(ASSIGNMENT):
Using the listing below, please print exactly the lines from the one with "サンシェード ILスクリーンIGシェード(タイダイ) 2000033130" through the one with "Porche Tips &". Leave out every picture.
== RECORDS FOR THE TASK
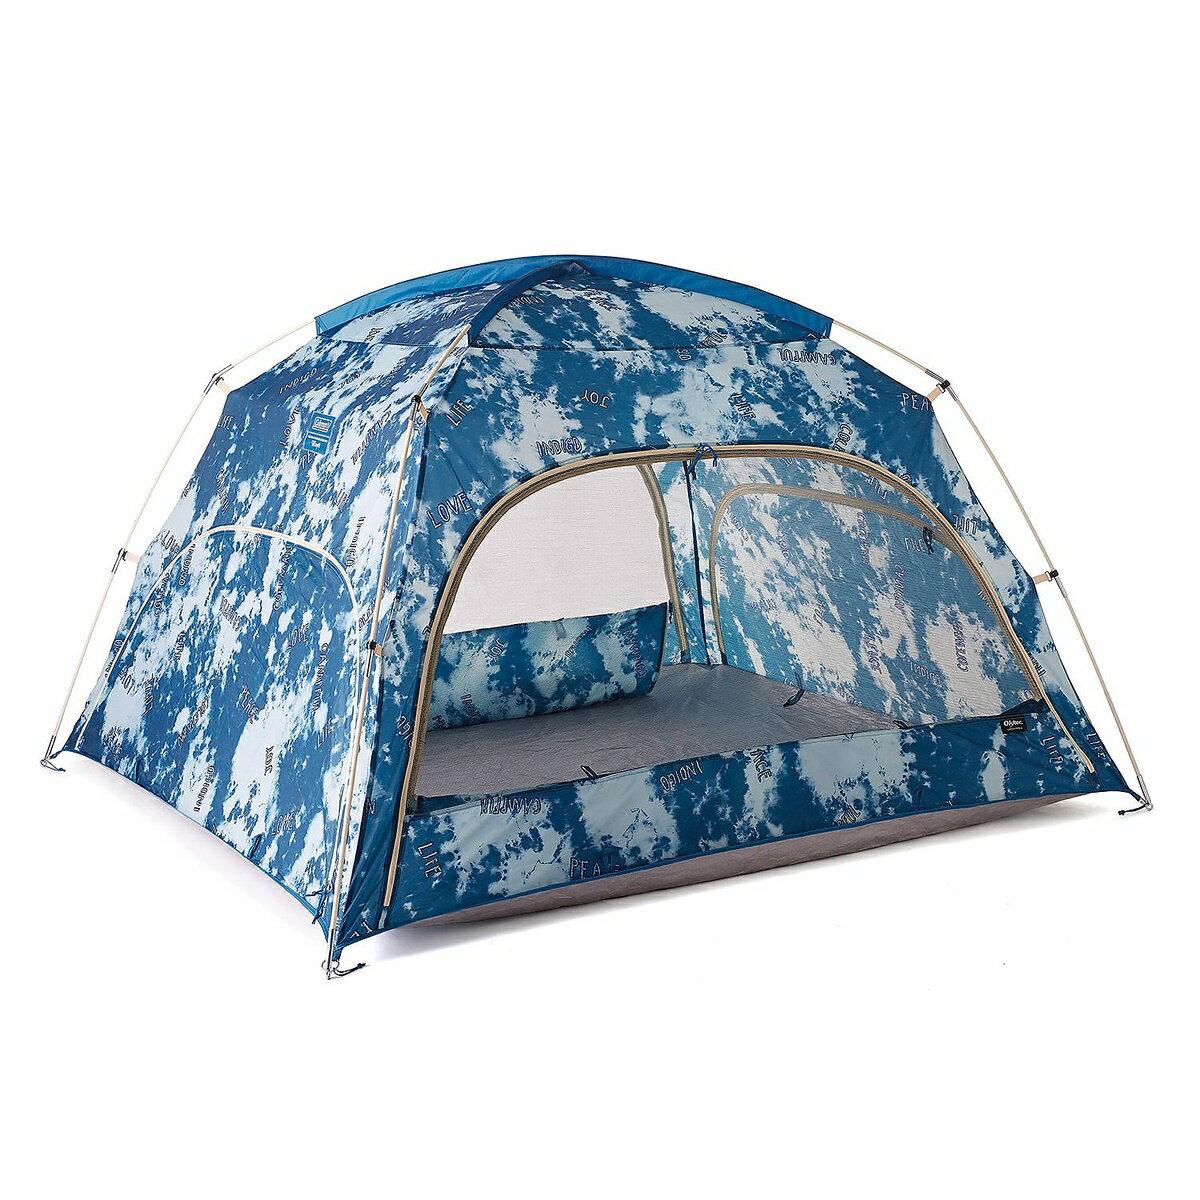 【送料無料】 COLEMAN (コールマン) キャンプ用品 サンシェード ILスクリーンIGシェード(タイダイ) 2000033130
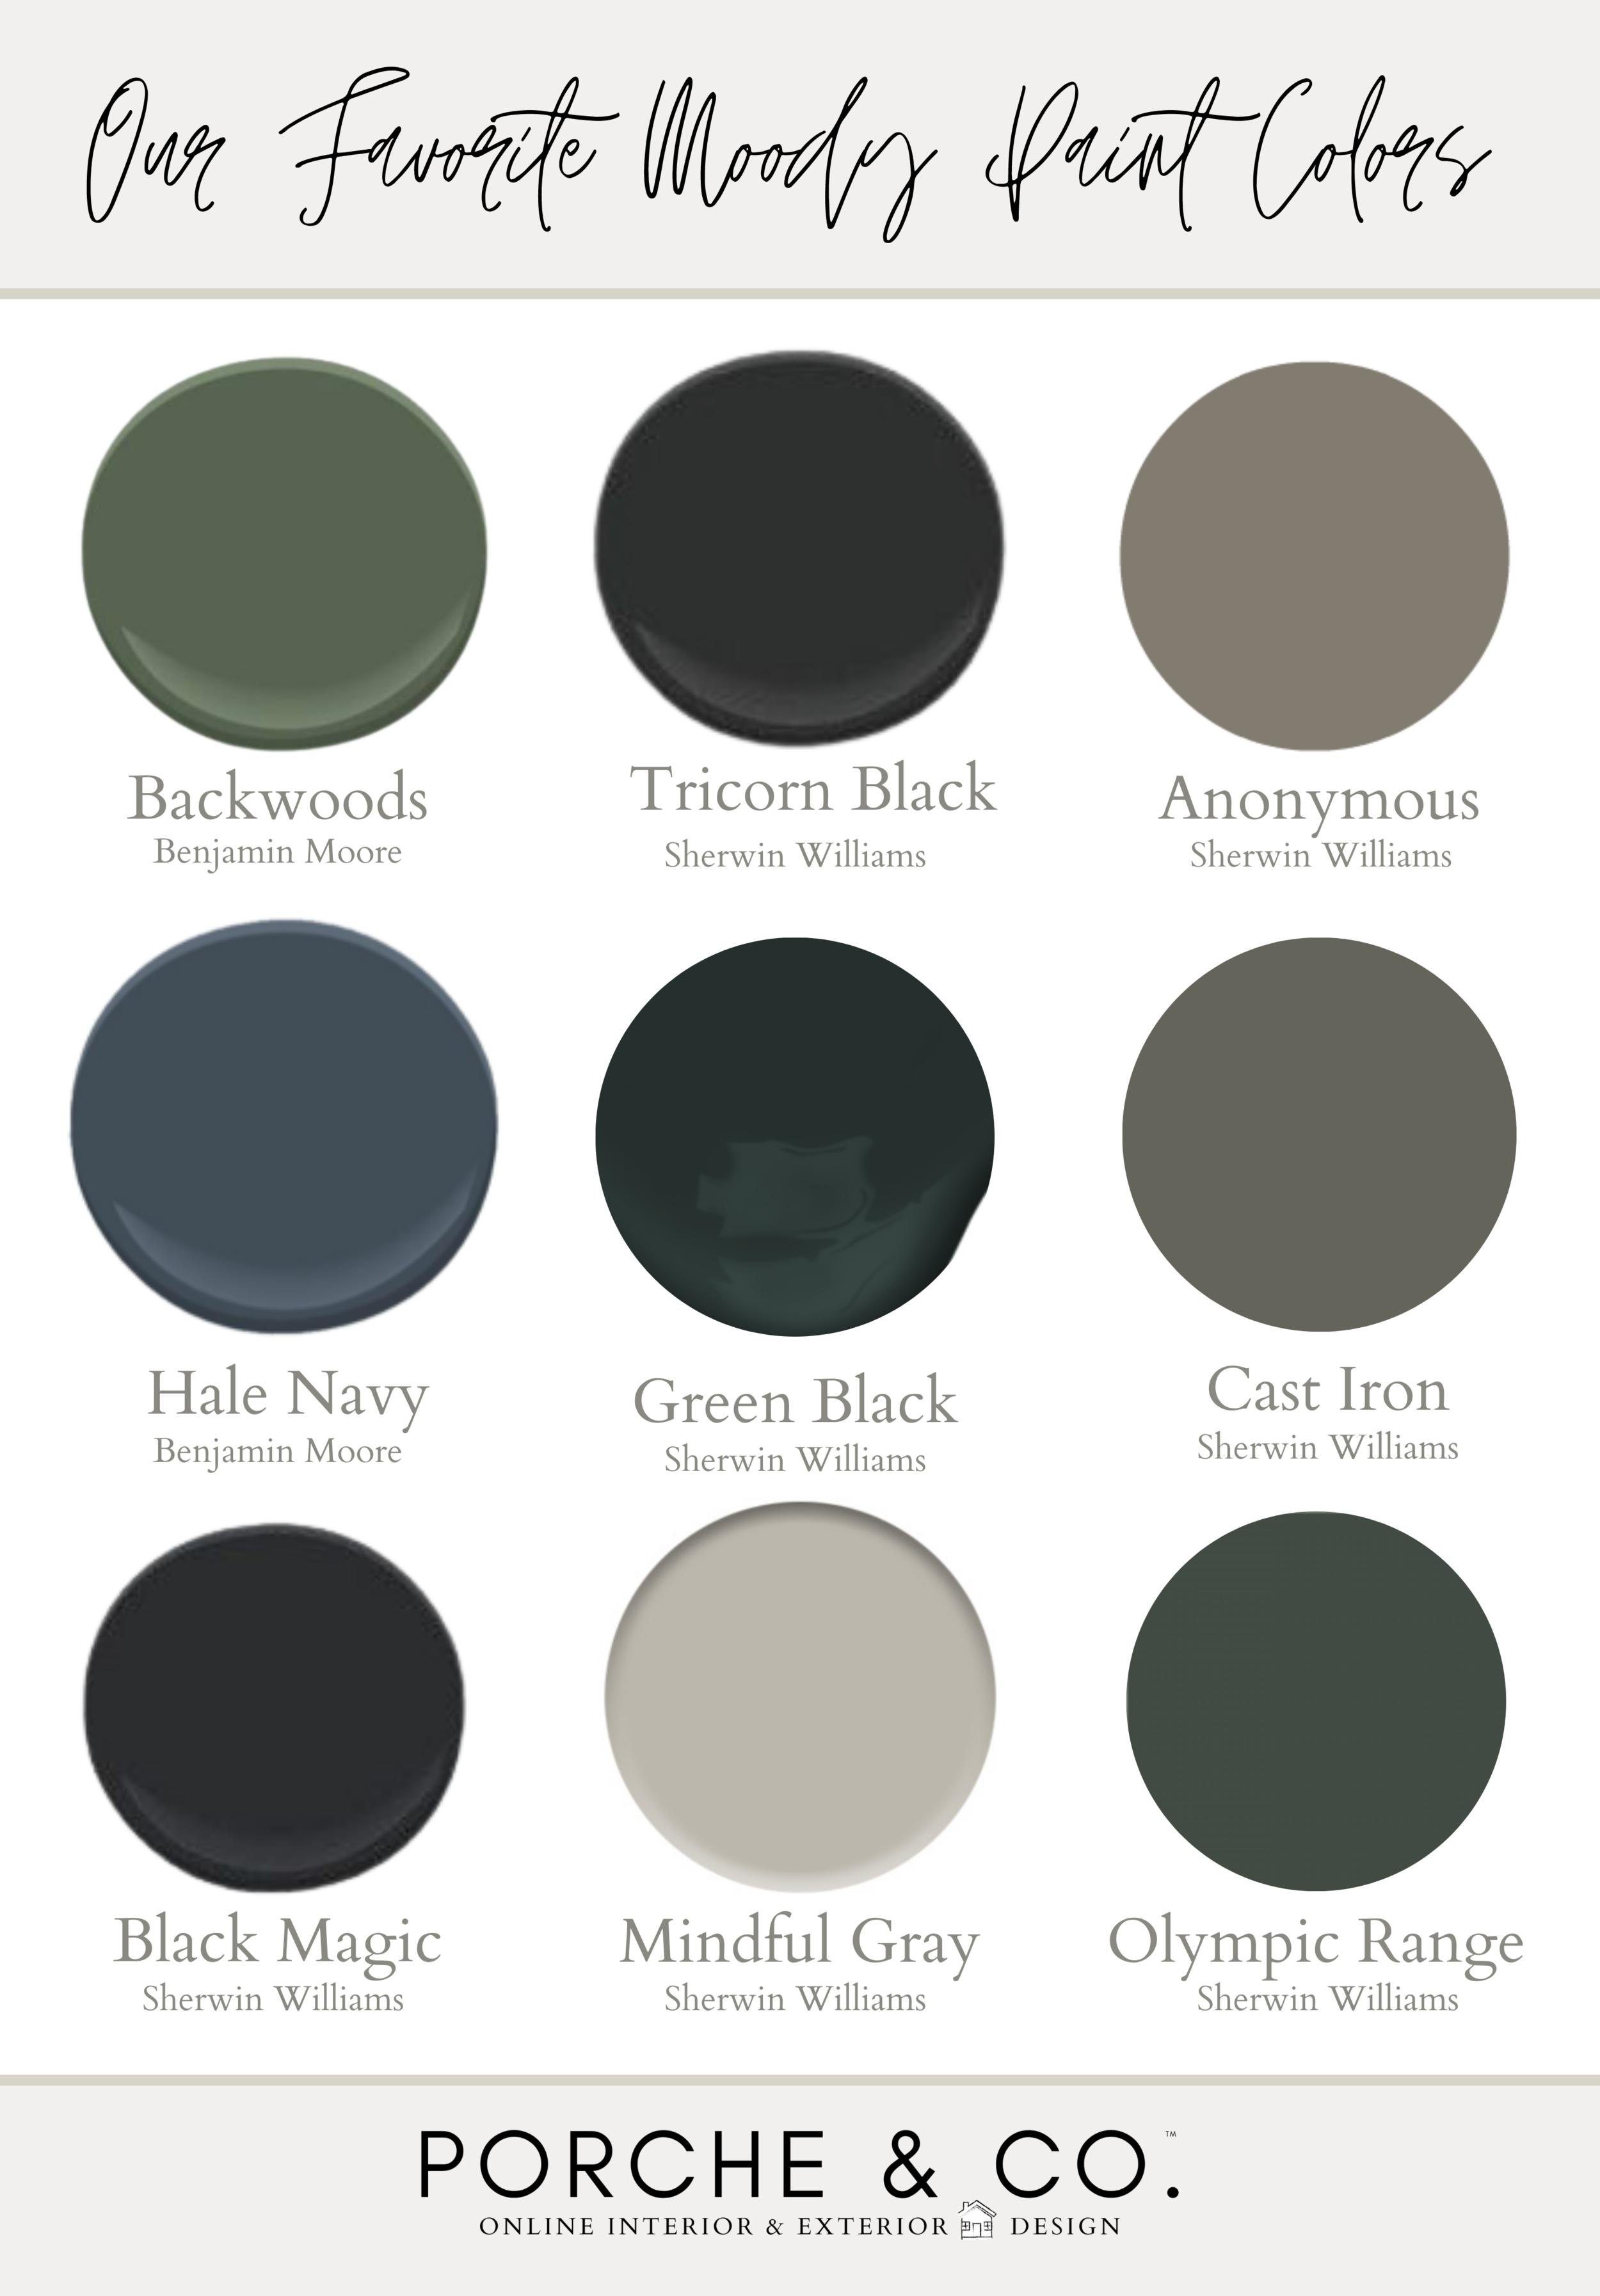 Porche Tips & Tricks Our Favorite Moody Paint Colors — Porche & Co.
====
== RECORDS FOR THE TASK
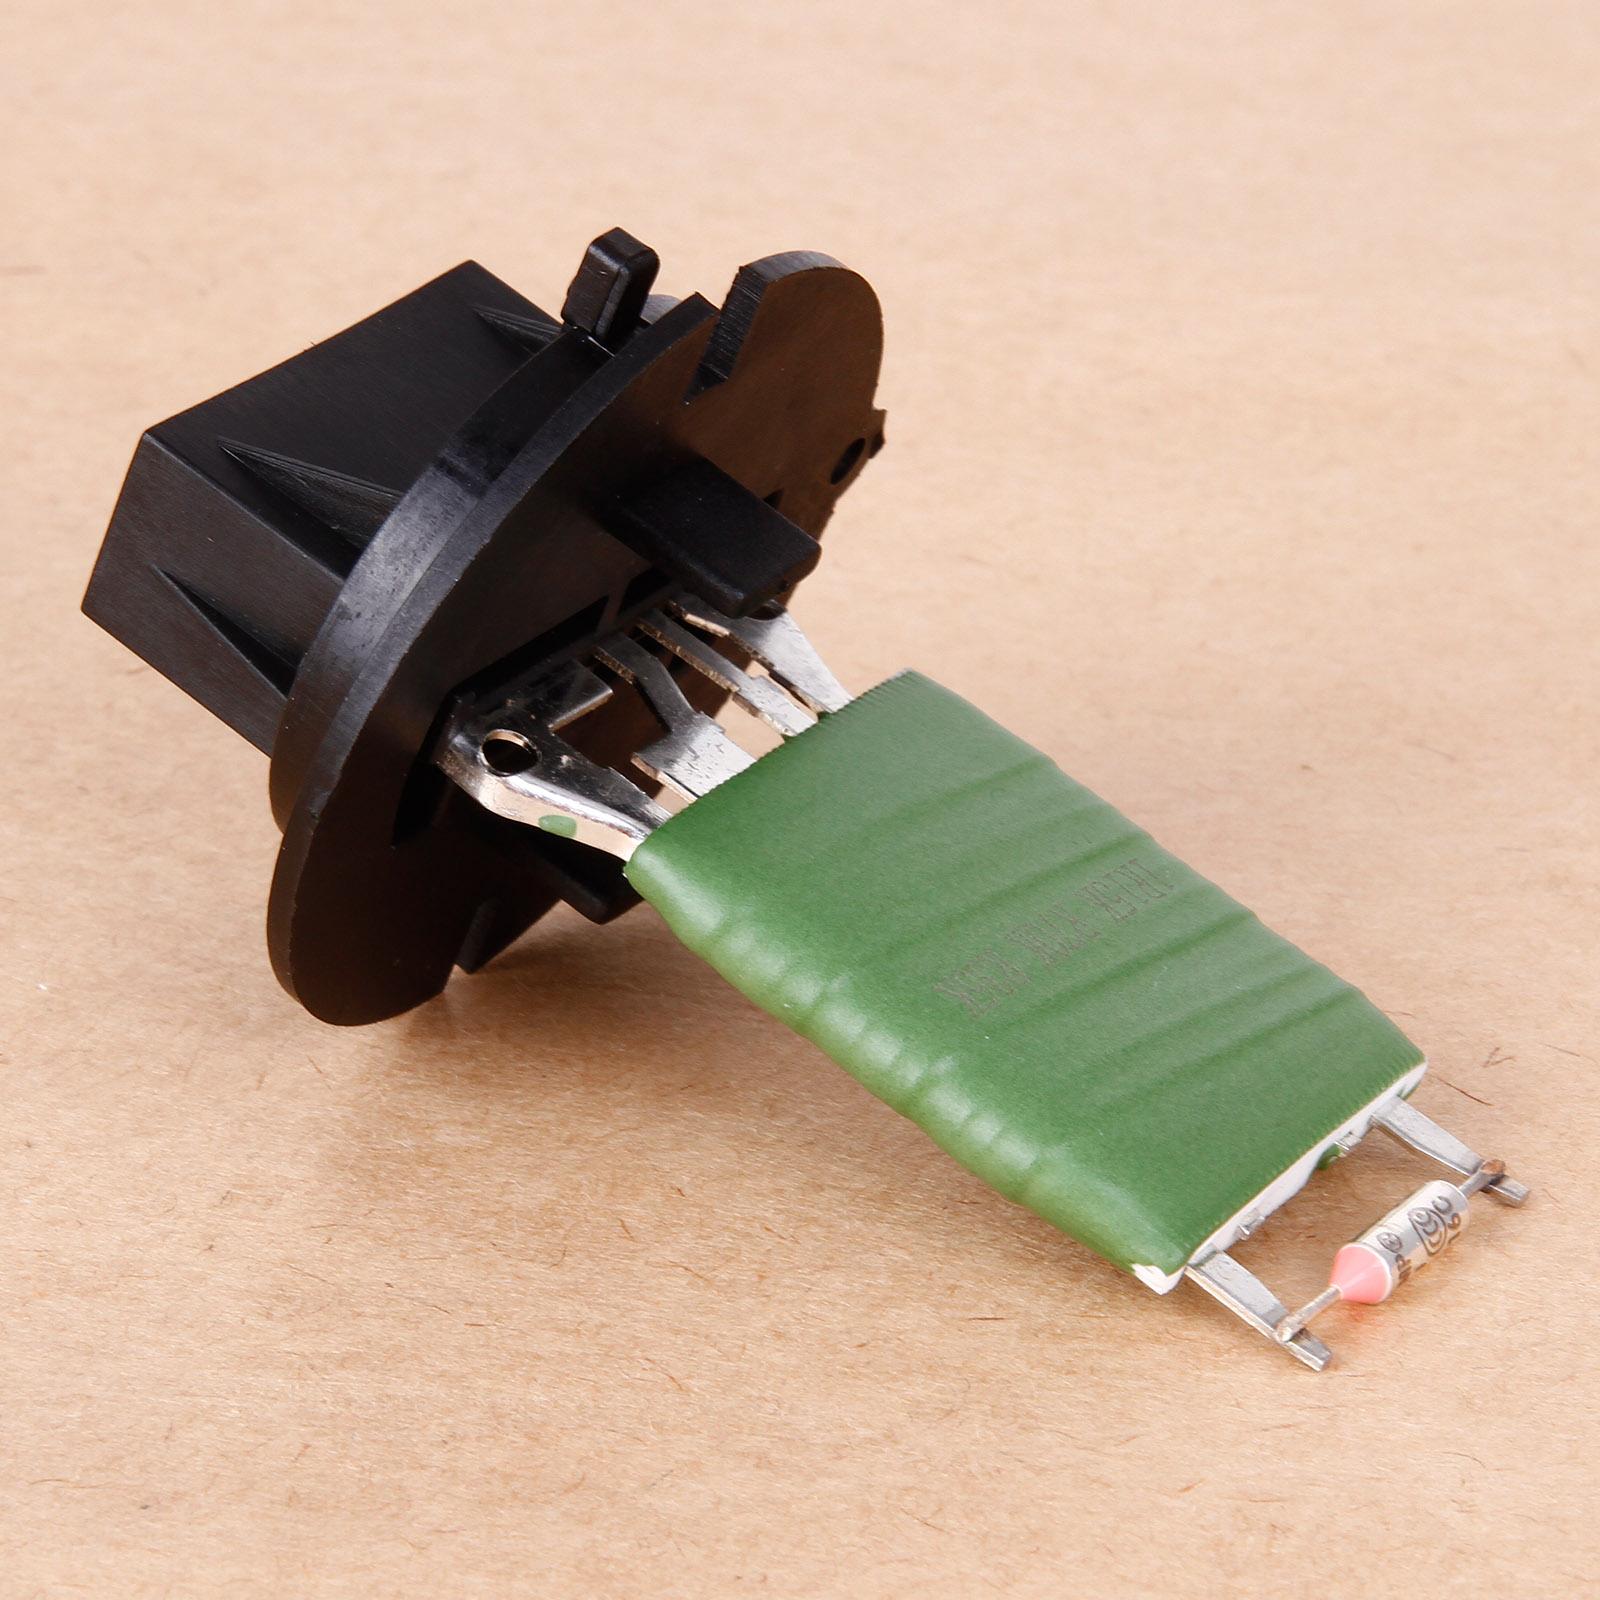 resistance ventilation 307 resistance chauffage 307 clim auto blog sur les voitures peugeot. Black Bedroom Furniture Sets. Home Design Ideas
====
(SOLUTION TO THIS TASK):
 【送料無料】 COLEMAN (コールマン) キャンプ用品 サンシェード ILスクリーンIGシェード(タイダイ) 2000033130
 Porche Tips & Tricks Our Favorite Moody Paint Colors — Porche & Co.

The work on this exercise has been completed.